• [Information supplied]
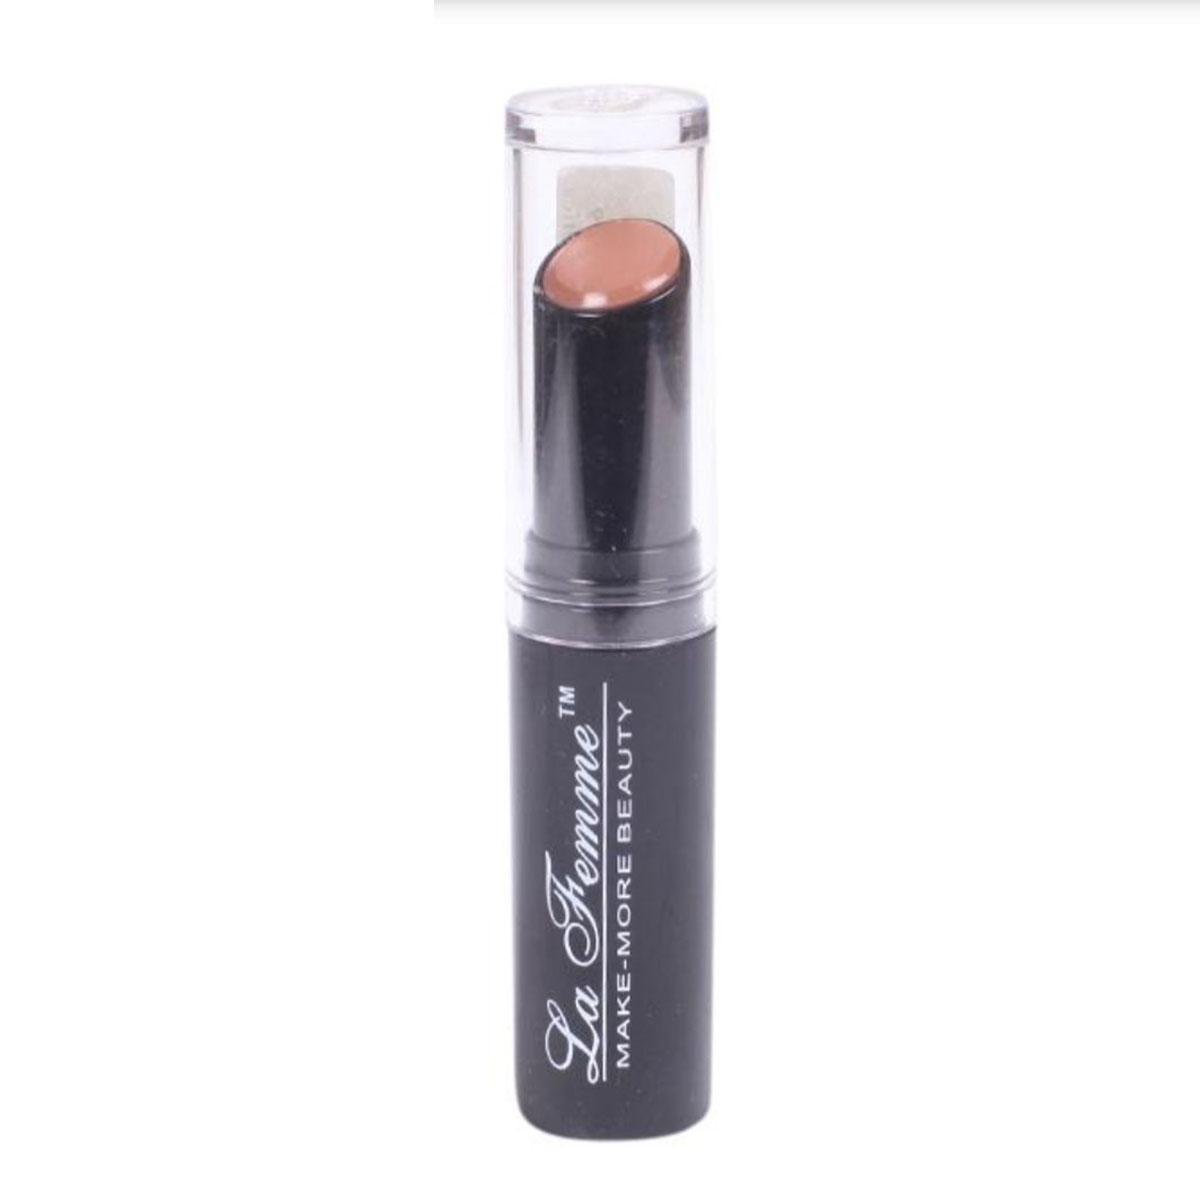 Super Matte Lipstick - Shade 315
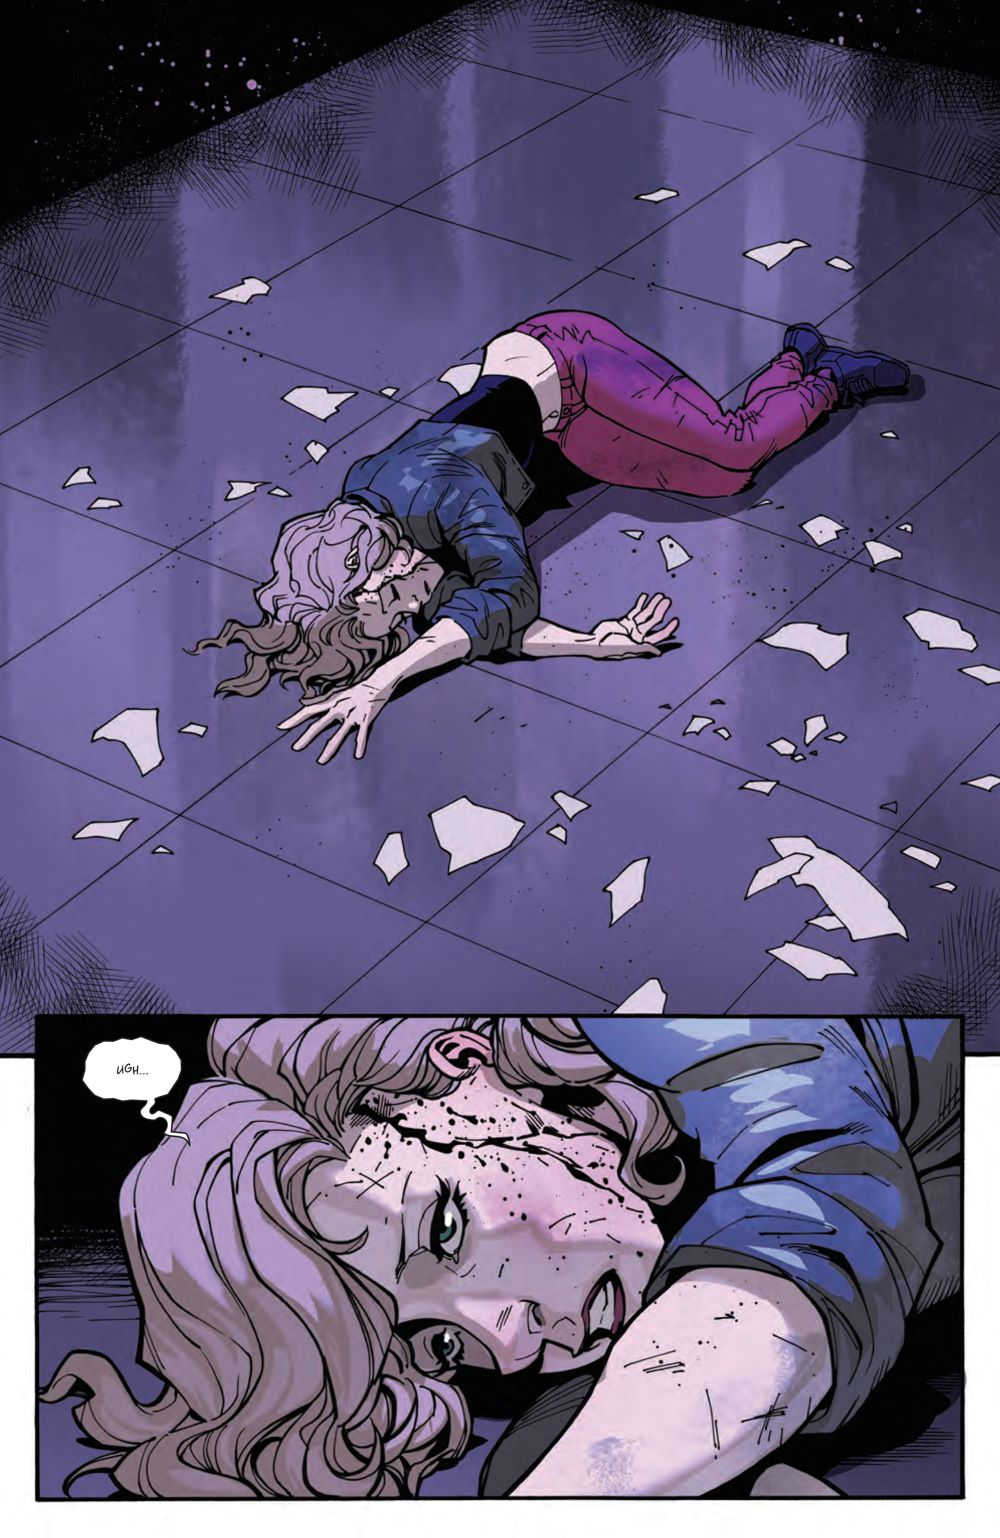 Buffy_024_PRESS_3 ComicList Previews: BUFFY THE VAMPIRE SLAYER #24
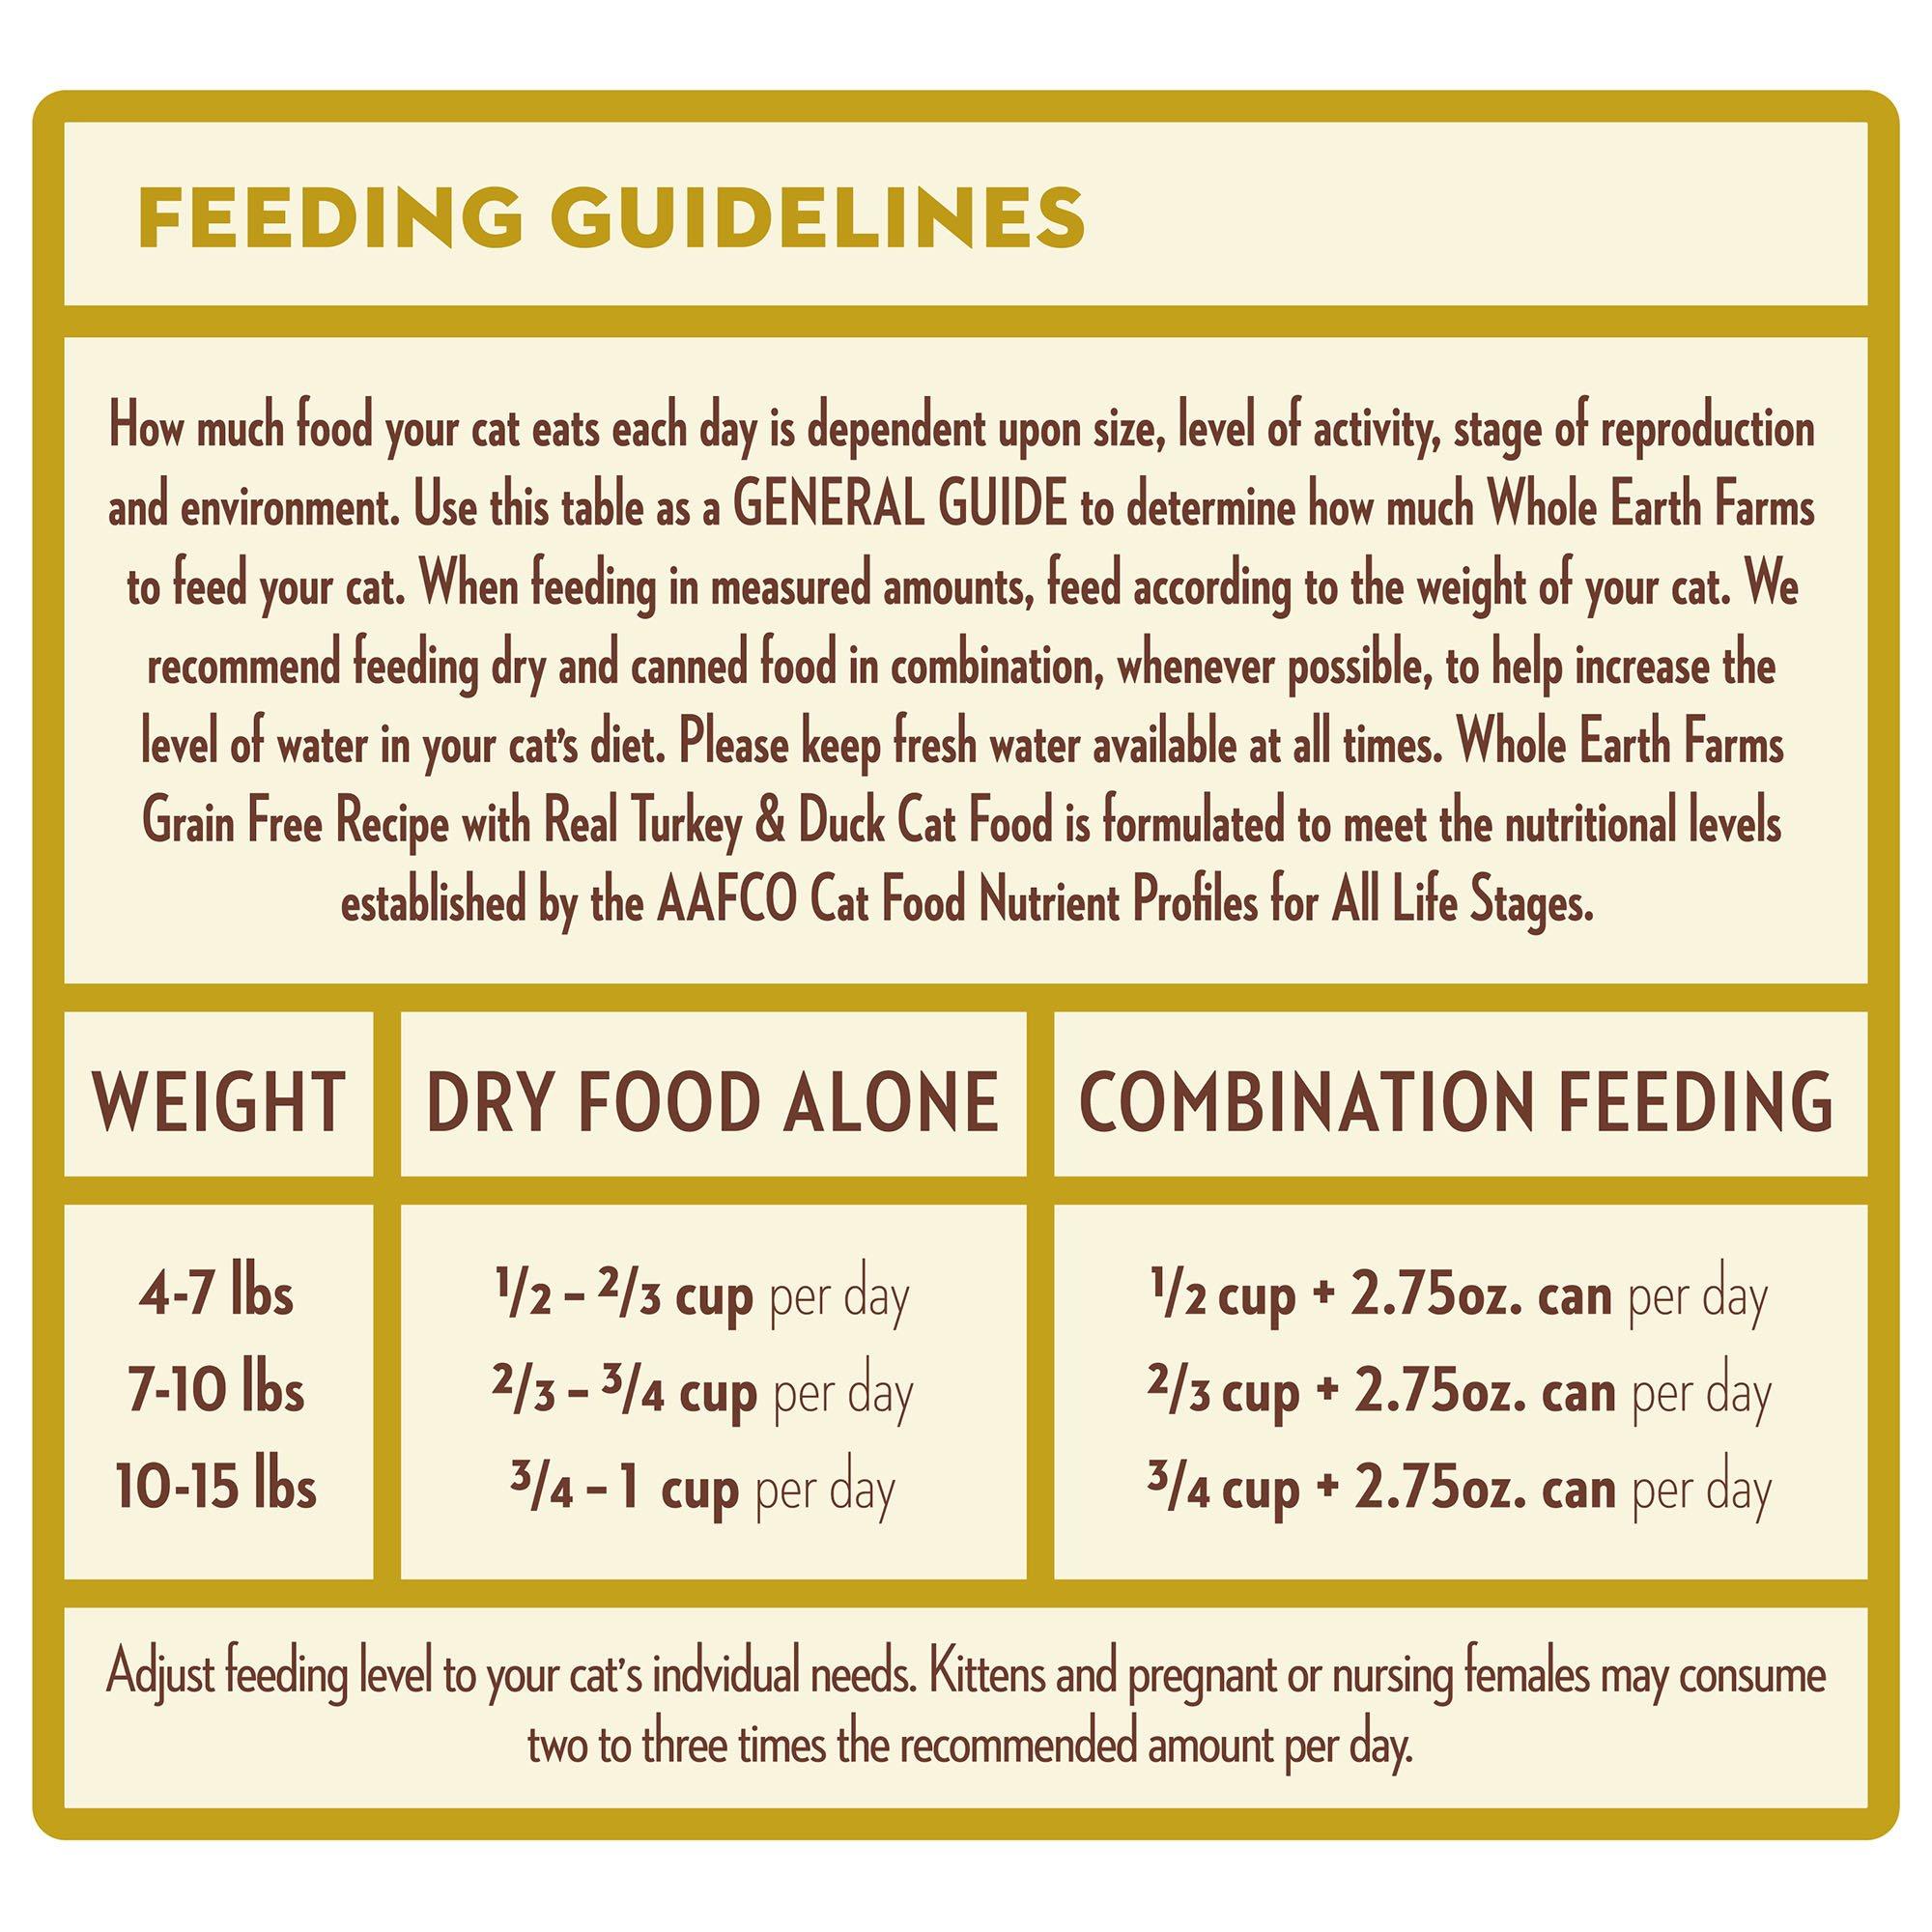 Whole-Earth-Farms-Grain-Free-Real-Turkey-amp-Duck-Cat-Food thumbnail 6

• [Task brief]
Exclude the images, then output the data above word for word.

• [Response to the task]
 Super Matte Lipstick - Shade 315
 Buffy_024_PRESS_3 ComicList Previews: BUFFY THE VAMPIRE SLAYER #24
 Whole-Earth-Farms-Grain-Free-Real-Turkey-amp-Duck-Cat-Food thumbnail 6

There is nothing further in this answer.